Mucho antes de que el wellness convirtiera los bosques en destinos de viaje, Japón ya había encontrado una manera de relacionarse con ellos.

El shinrin-yoku, conocido como “baño de bosque”, surgió en Japón en la década de 1980 y propone algo mucho más sencillo de lo que su nombre podría sugerir: pasar tiempo en un entorno forestal prestando atención a los sentidos, al ritmo de la respiración y al paisaje, en lugar de recorrerlo con prisa.

La práctica ha despertado un creciente interés científico. Diversas revisiones han encontrado asociaciones entre la exposición a bosques y mejoras en algunos indicadores físicos y psicológicos, incluidos estrés, ansiedad, estado de ánimo, presión arterial y determinados marcadores fisiológicos. 

Un bosque con siglos de historia

Bussaco tampoco es un escenario natural creado recientemente para responder al boom del wellness.
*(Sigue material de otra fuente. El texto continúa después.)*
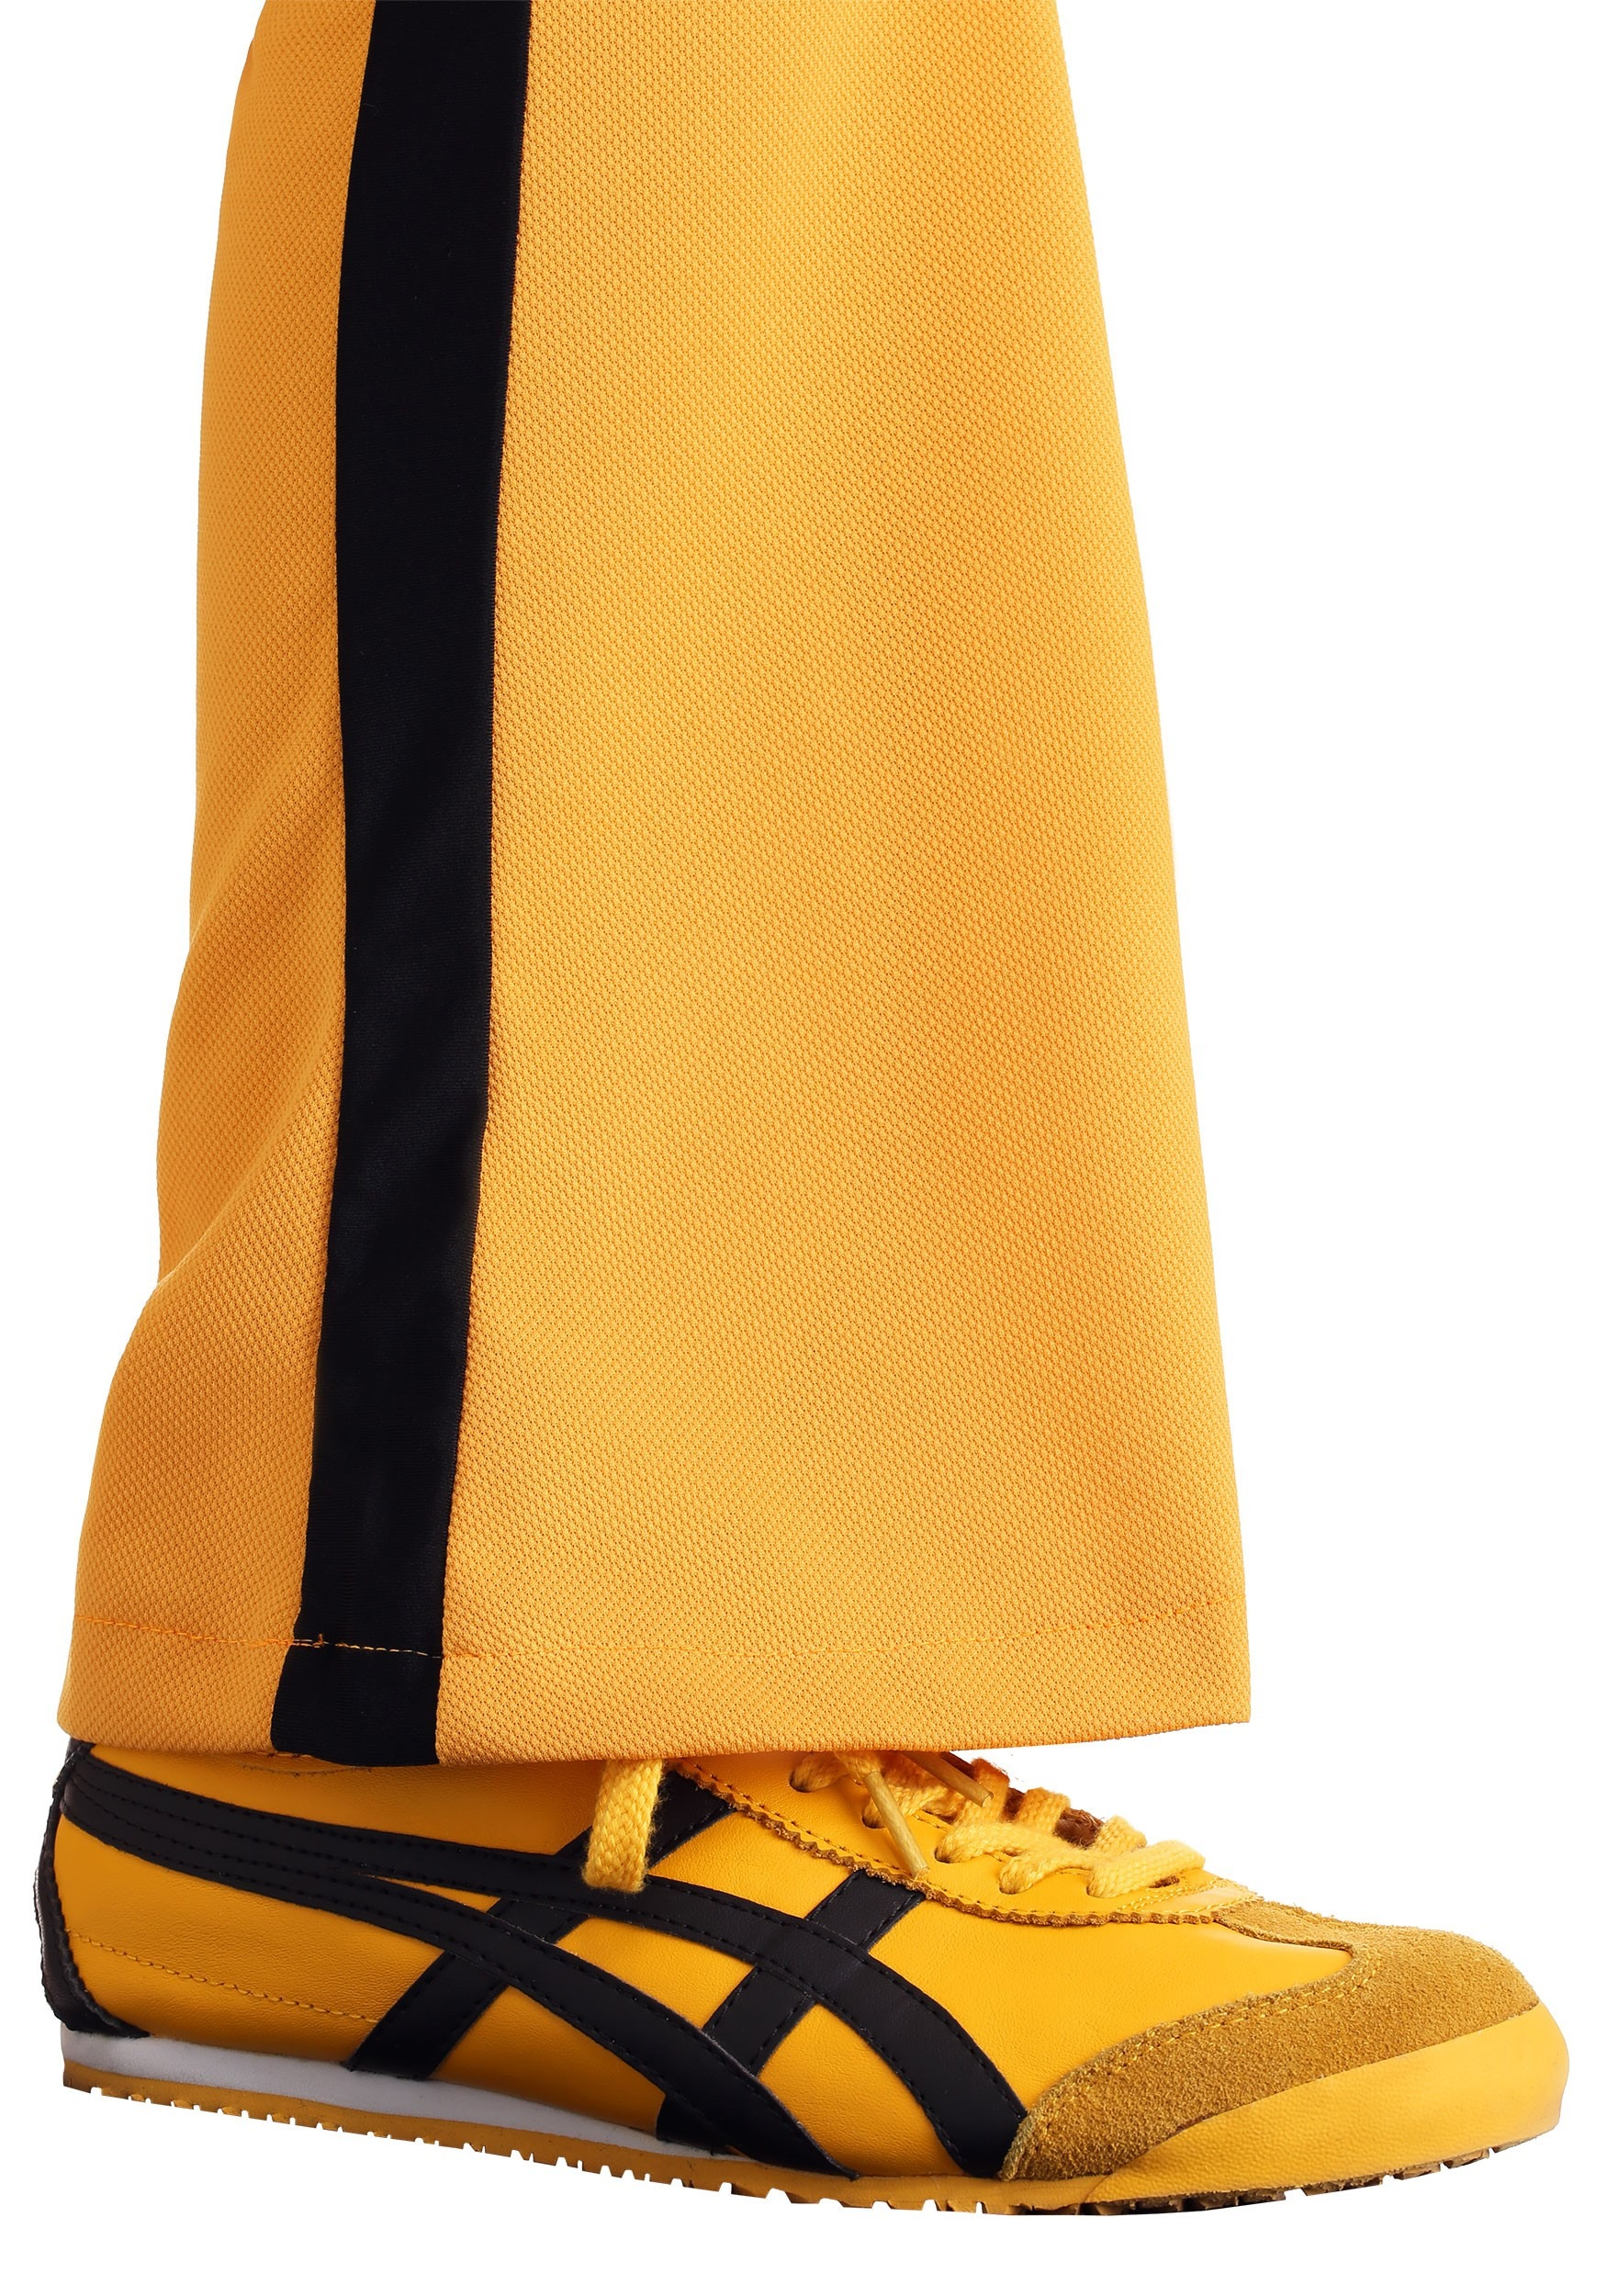 Beatrix Kiddo Costume ...

Su historia comienza en el siglo XVII. En 1628, la Orden de los Carmelitas Descalzos estableció ahí un espacio dedicado a la oración y al aislamiento. Con el paso del tiempo, el bosque fue adquiriendo una extraordinaria diversidad botánica, incluyendo especies provenientes de otras partes del mundo.

Durante el siglo XIX se añadieron jardines y lagos, y el arquitecto italiano Luigi Manini diseñó el palacio que hoy se conoce como Palace Hotel Bussaco. Dentro de la propiedad también sobreviven las ruinas del antiguo convento, un museo militar, el Valle de los Helechos y el llamado Bosque Relicto, una zona que conserva especies nativas y una estructura forestal particularmente valiosa.